Please transcribe the data below exactly. Leave the pictures out.

Collected material.
_ _ _ _

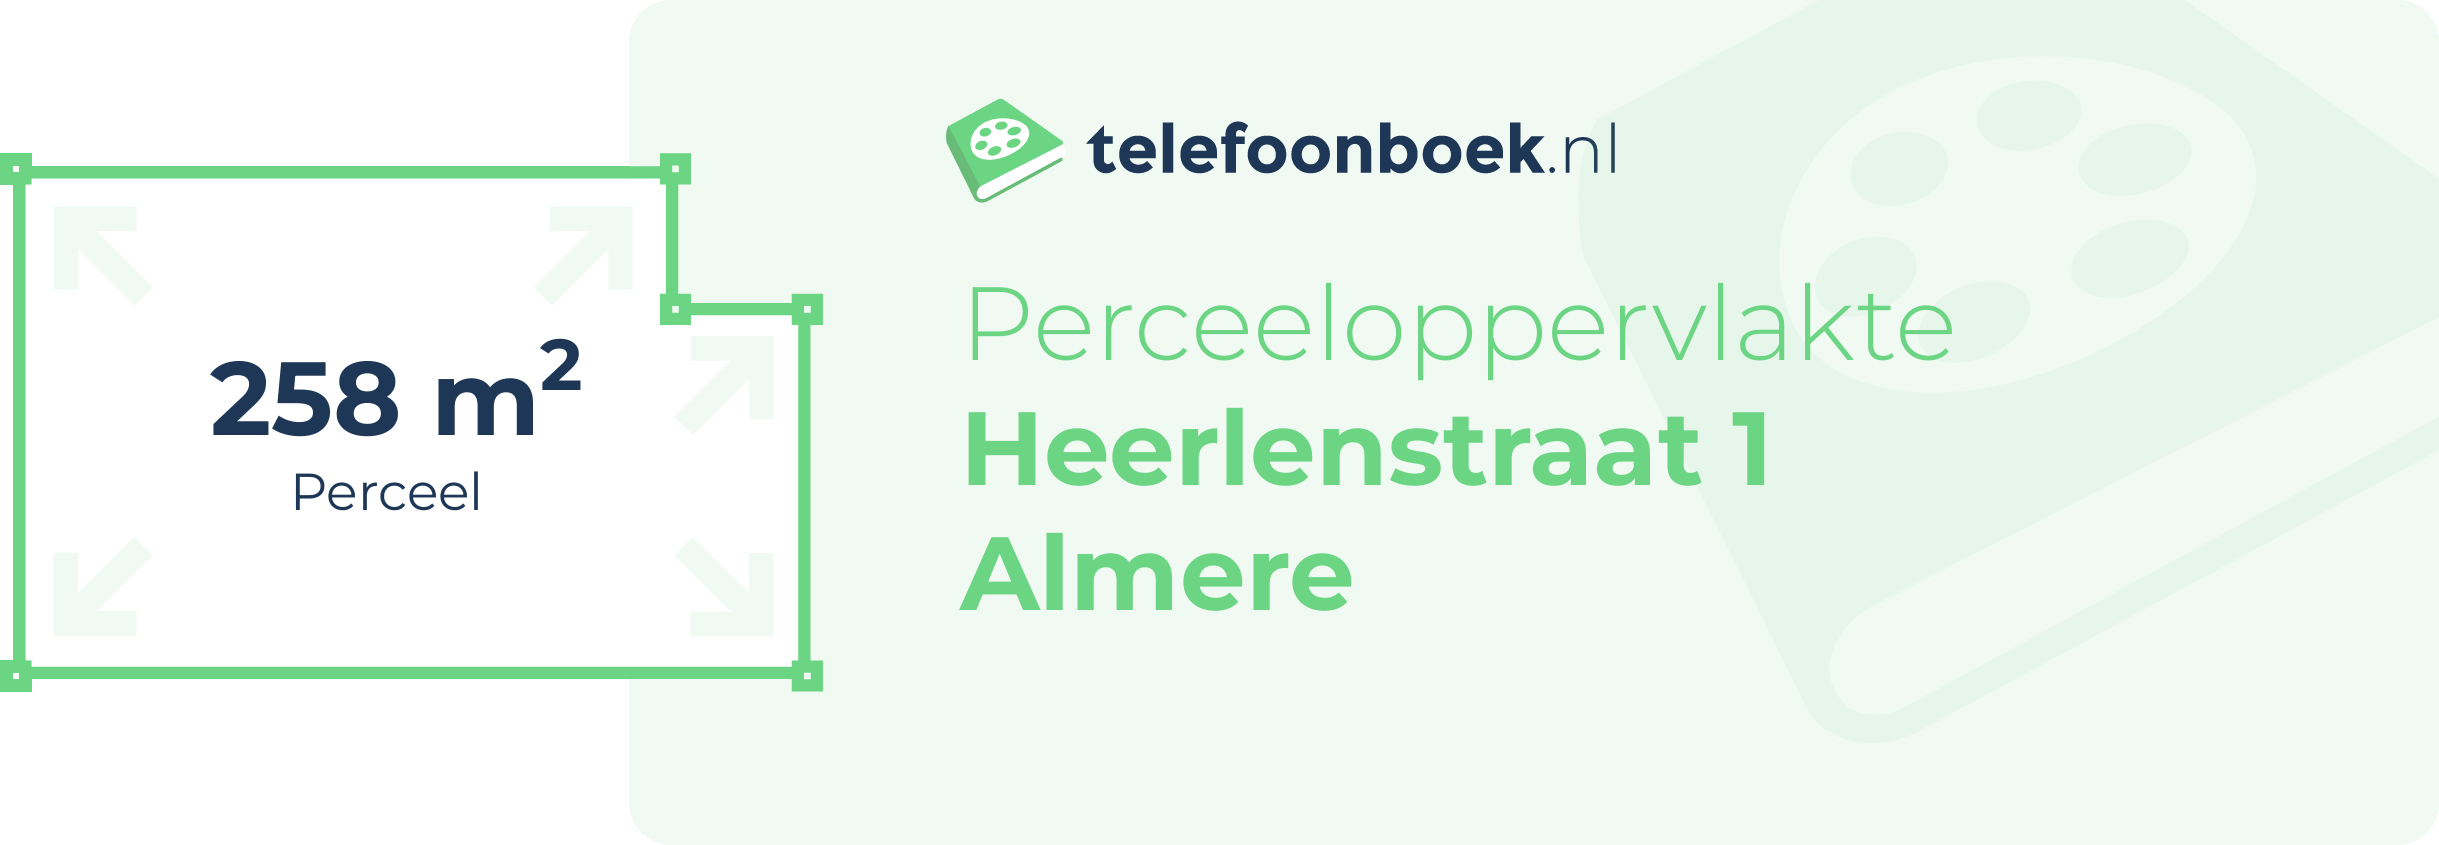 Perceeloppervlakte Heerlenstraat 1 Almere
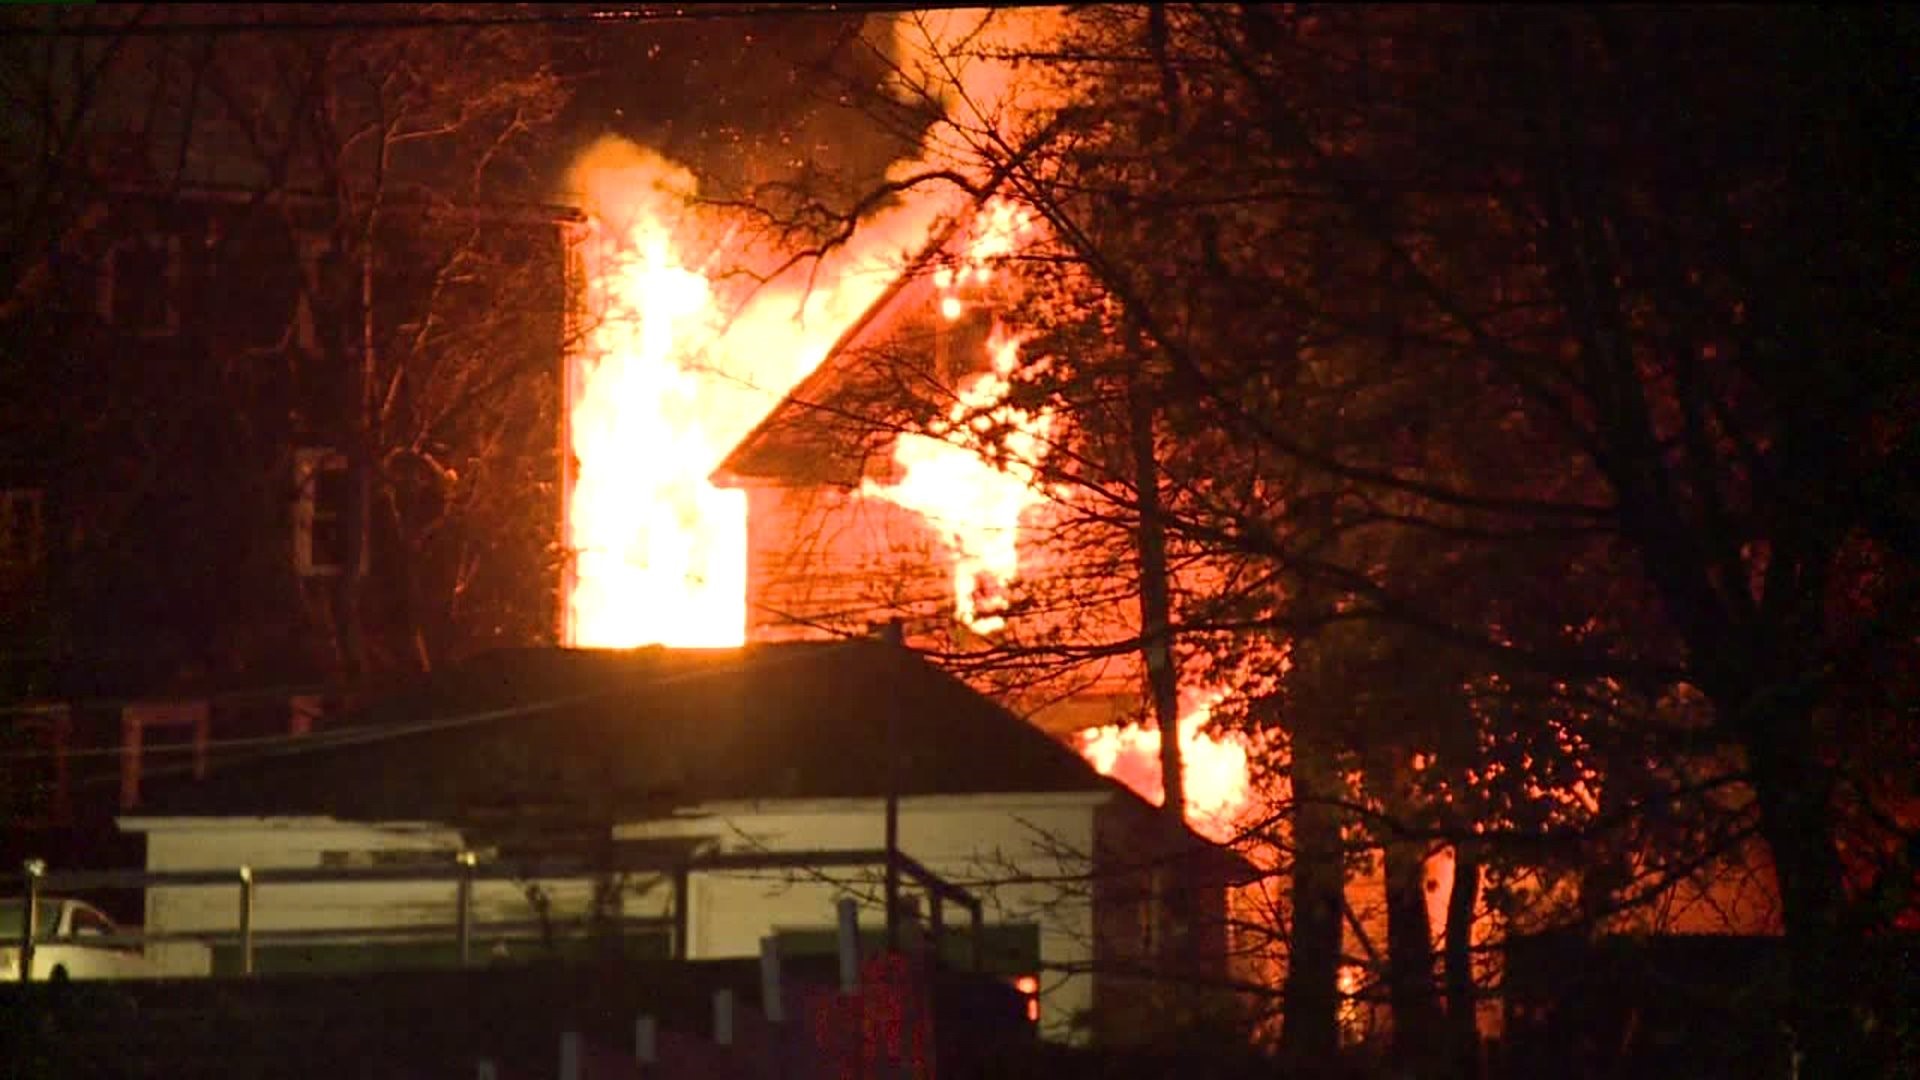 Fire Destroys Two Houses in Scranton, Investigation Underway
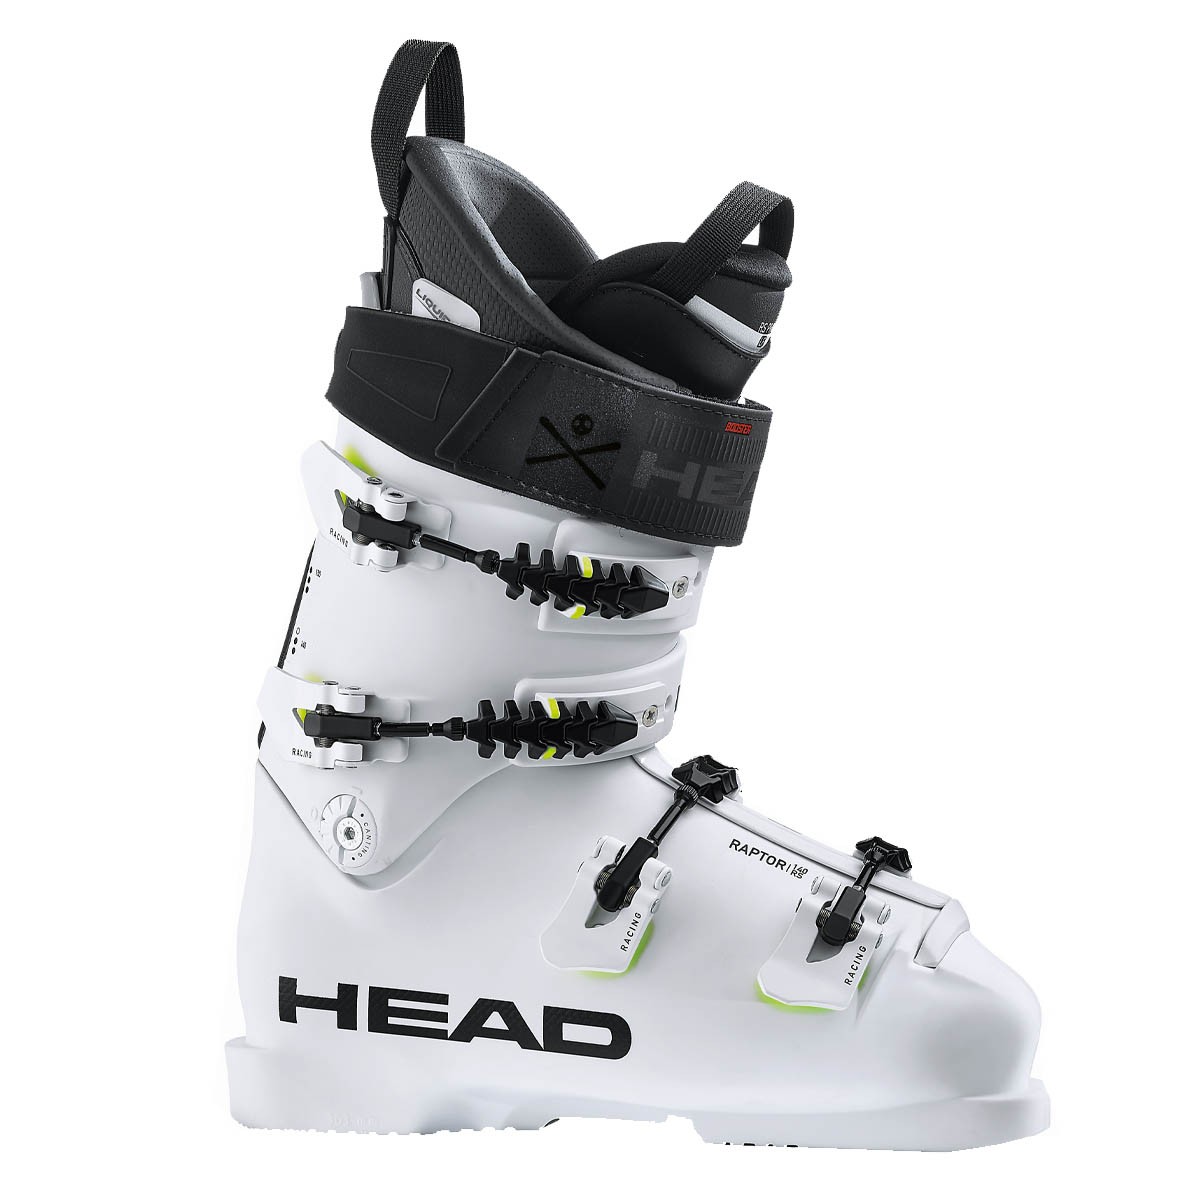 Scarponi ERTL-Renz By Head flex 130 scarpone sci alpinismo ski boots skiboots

_ _ _ _

Expected answer.
 Perceeloppervlakte Heerlenstraat 1 Almere
 Fire Destroys Two Houses in Scranton, Investigation Underway
 Scarponi ERTL-Renz By Head flex 130 scarpone sci alpinismo ski boots skiboots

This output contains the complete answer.